His new book World Without Mind decries society’s capture by big technology companies, mainly Amazon, Facebook and Google. His criticisms are wide-ranging, but centre on the idea that they have become monopolies ... The book flits between history, philosophy and politics, but it is also a first-hand tale ...World Without Mind joins books such as Move Fast and Break Things by Jonathan Taplin, published earlier this year, and Tim Wu’s excellent The Master Switch, from 2010, in arguing that regulators need to look at these world-changing companies more critically. Butreaders looking for an enduring, well-researched manifesto about big tech’s dangers will be disappointed by the book’s lazy generalisations.
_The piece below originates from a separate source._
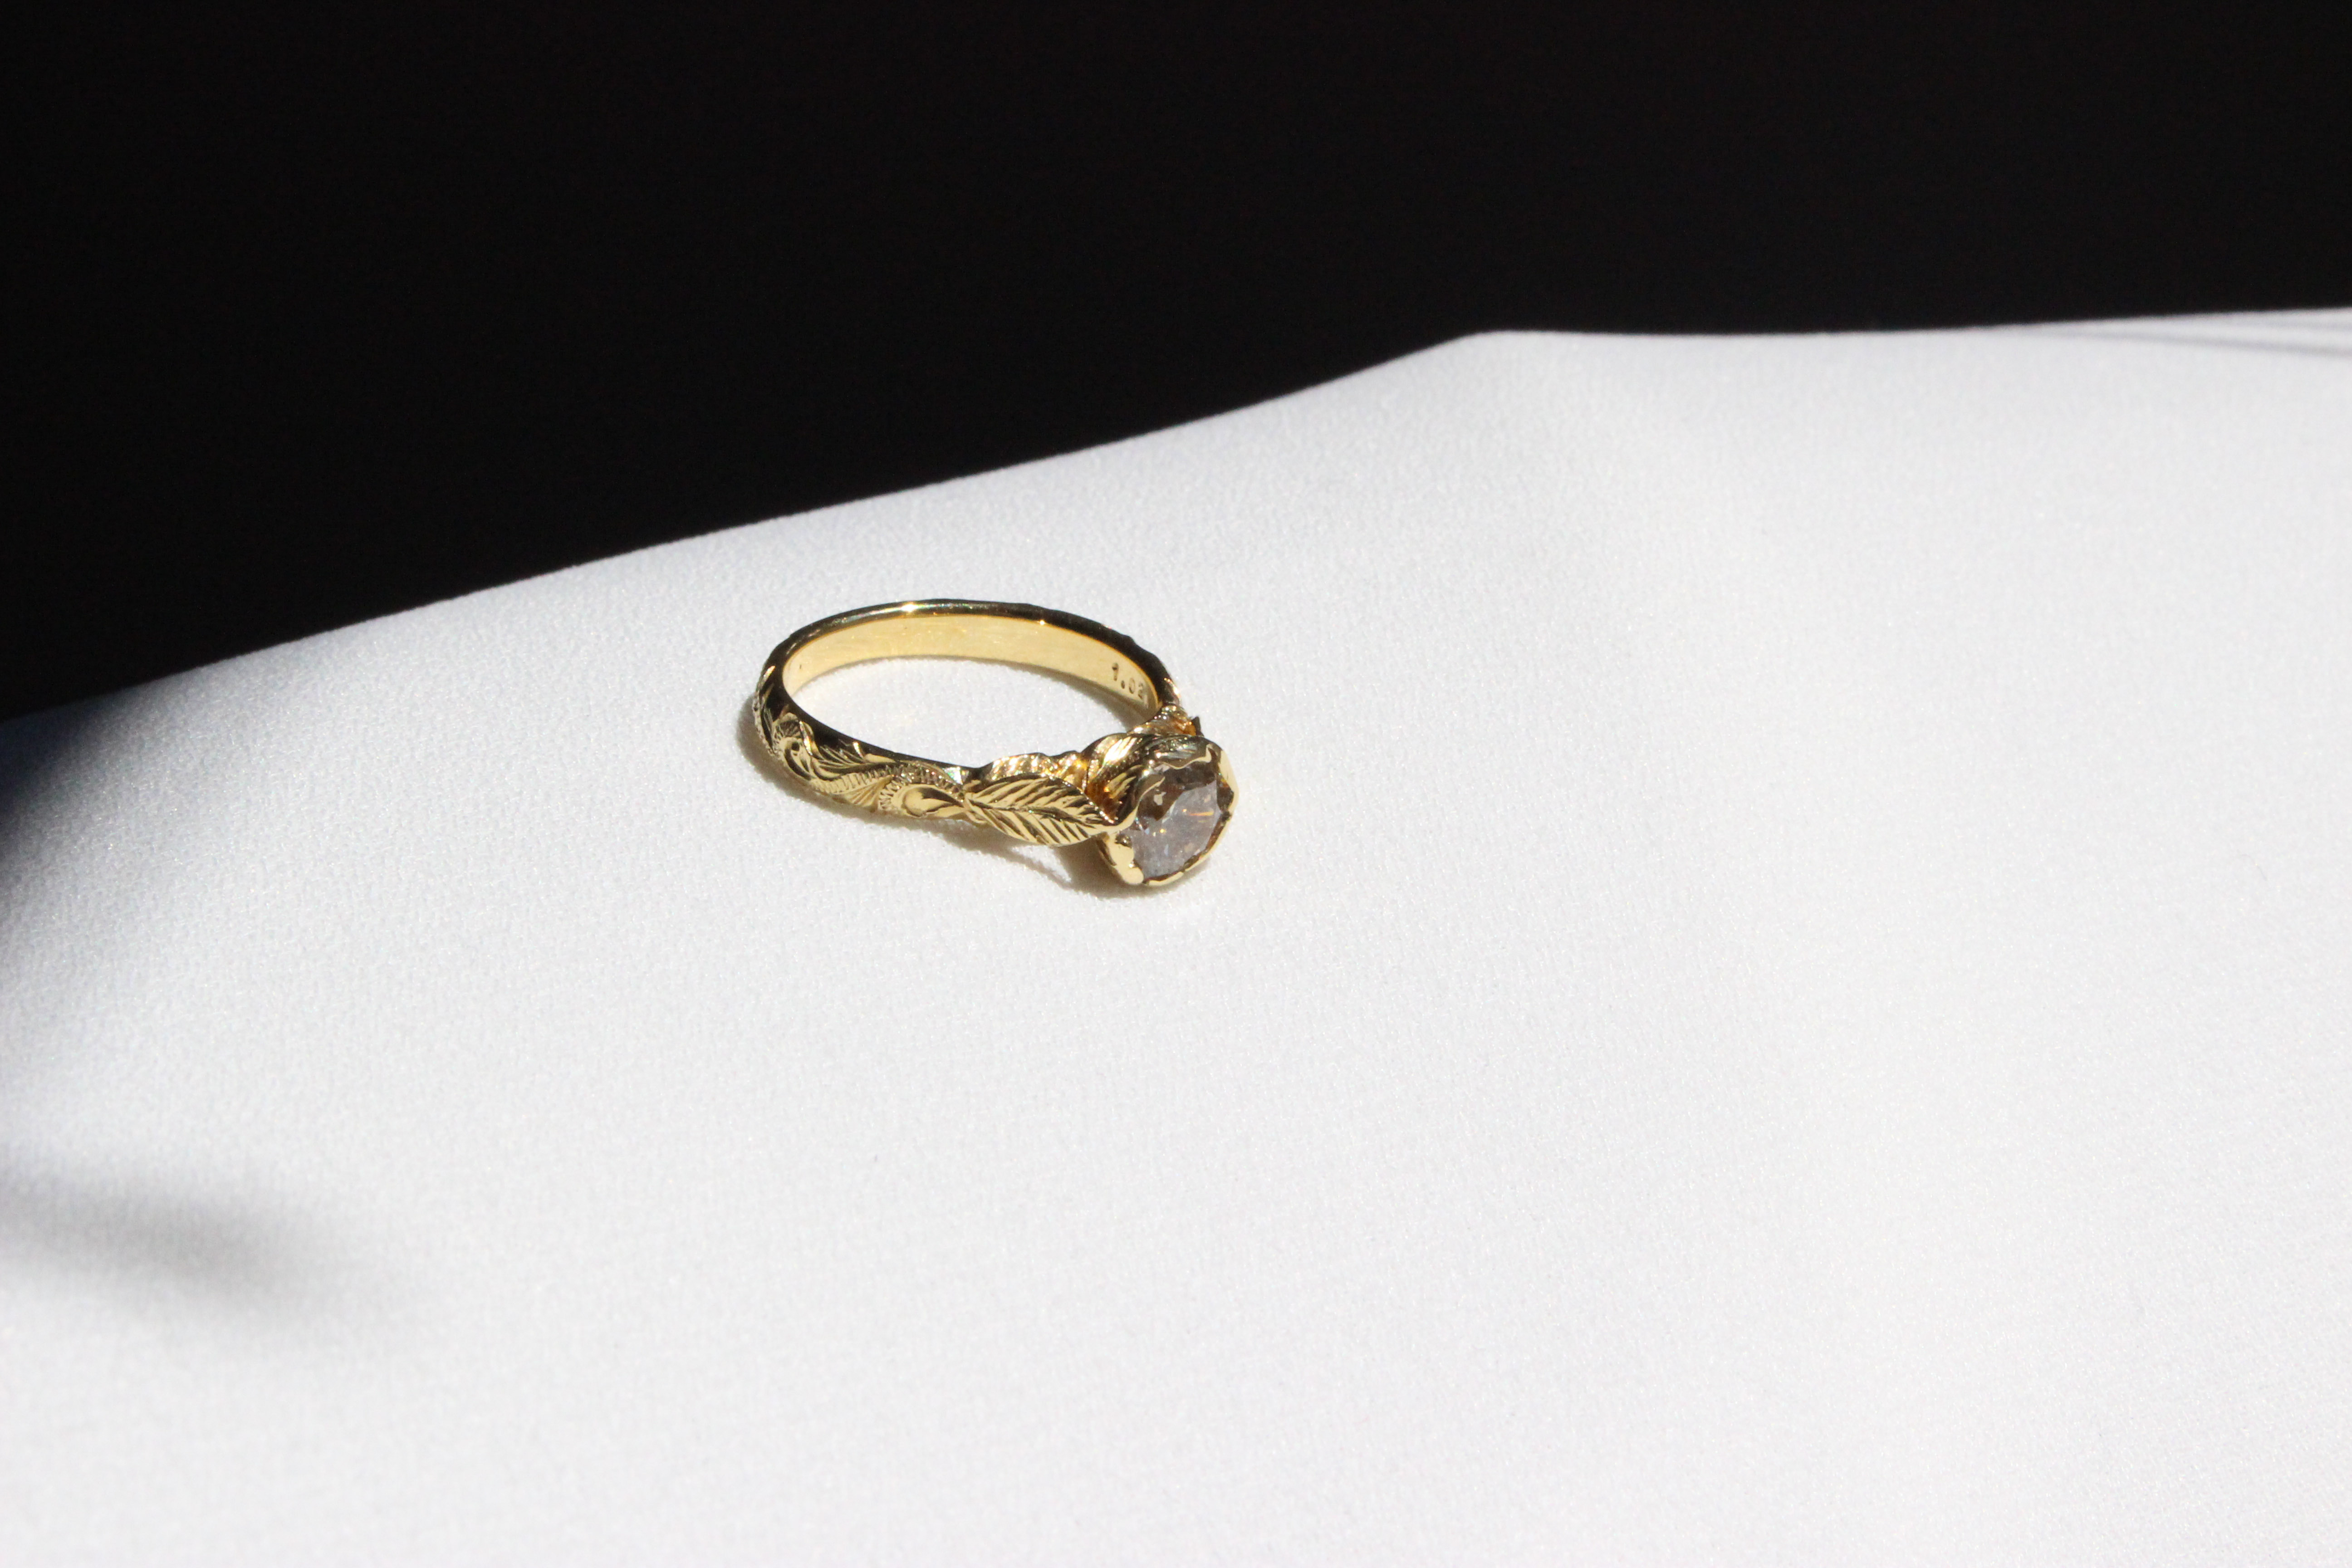 KAMUELA ROSE BROWN DIAMOND RING

Mr Foer is not a business journalist or economist, and he cares little for financial and legal details ... Examining tech firms is more urgent than ever. Mr Foer is right to be sceptical, but his is not the final word.
A capably argued if perhaps too familiar criticism of things as they are in this intermediated, technological swirl of a world ... Foer aims broadly and fires buckshot. Sometimes he hits the target, sometimes not. When he does, it’s a doozy ... A spirited renunciation of the machine and not just for Luddites in favor of such radical thoughts as private ownership of one’s own data and the nonalgorithmic shopping experience.
...a fascinating, far-reaching discussion of the monopolistic behavior and intentions of Amazon, Facebook, and Google; the misdirected trend of favoring collaboration over individualism; and the growing dangers of algorithms ... Foer is neither subtle nor impartial, and this is more a call to arms than a wake-up call. It’s a rousing—though oversimplified—spin on the Silicon Valley origin story and the cultural impact of technology.